English Text-->Chinese Text

  • English text: Hamlet analysis of word frequency

Students who want the Hamlet text can send me WeChat: nickchen121

  • Chinese Text: Analytical Characters in the Romance of the Three Kingdoms

Students who want the text of the Three Kingdoms can add me WeChat: nickchen121

2. "Hamlet English Word Frequency Statistics" Example Explanation

  • Text denoising and normalization
  • Use dictionaries to express word frequencies
# CalHamletV1.py


def getText():
    txt = open("hamlet.txt", "r").read()
    txt = txt.lower()
    for ch in '!"#$%&()*+,-./:;<=>?@[\\]^_'{|}~':
        txt = txt.replace(ch, " ")
    return txt


hamletTxt = getText()
words = hamletTxt.split()
counts = {}
for word in words:
    counts[word] = counts.get(word, 0) + 1
items = list(counts.items())
items.sort(key=lambda x: x[1], reverse=True)
for i in range(10):
    word, count = items[i]
    print("{0:<10}{1:>5}".format(word, count))
the         948
and         855
to          650
of          581
you         494
a           468
my          447
i           443
in          373
hamlet      361
  • Run results sorted from large to small
  • Observe the number of occurrences of words

3. Explanation of "Person appearance statistics in the Romance of the Three Kingdoms" as an example (1)

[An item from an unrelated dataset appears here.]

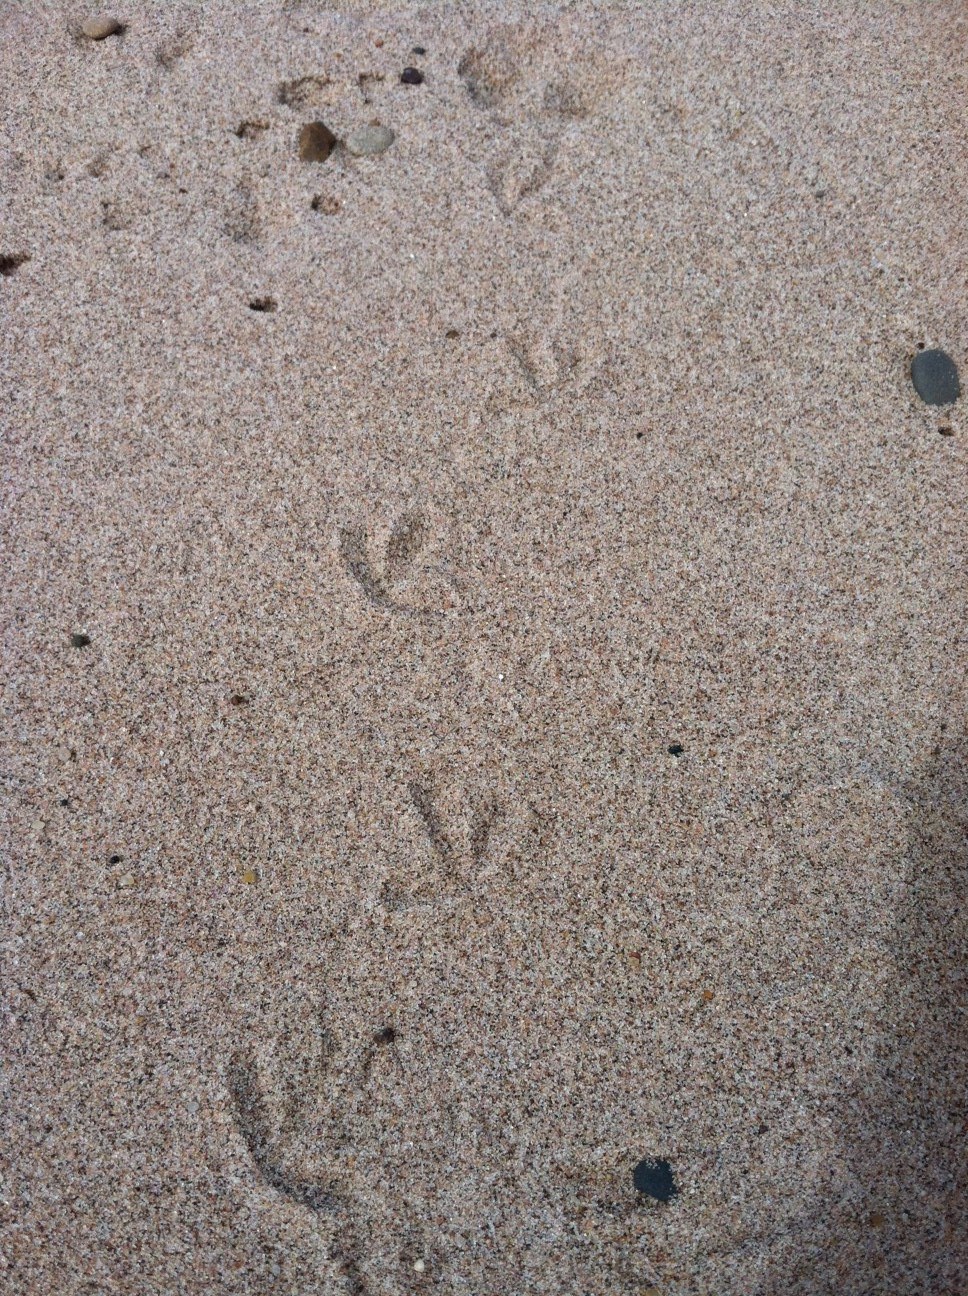 Tiny bird tracks in sand.

  • Chinese text participle
  • Use dictionaries to express word frequencies
# CalThreeKingdomsV1.py

import jieba
txt = open("threekingdoms.txt", "r", encoding="utf-8").read()
words = jieba.lcut(txt)
counts = {}
for word in words:
    if len(word) == 1:
        continue
    else:
        counts[word] = counts.get(word, 0) + 1
items = list(counts.items())
items.sort(key=lambda x: x[1], reverse=True)
for i in range(15):
    word, count = items[i]
    print("{0:<10}{1:>5}".format(word, count))
Building prefix dict from the default dictionary ...
Loading model from cache /var/folders/mh/krrg51957cqgl0rhgnwyylvc0000gn/T/jieba.cache
Loading model cost 1.030 seconds.
Prefix dict has been built succesfully.


Cao Cao 953
 Kongming 836
 General 772
 But say 656
 Xuande 585
 Guan Gong 510
 Premier 491
 Two people 469
 Not 440
 Jingzhou 425
 Xuan De said 390
 Kong Ming said 390
 Cannot 384
 So 378
 Zhang Fei 358

4. Explanation of "Person Appearance Statistics in the Romance of the Three Kingdoms"(2)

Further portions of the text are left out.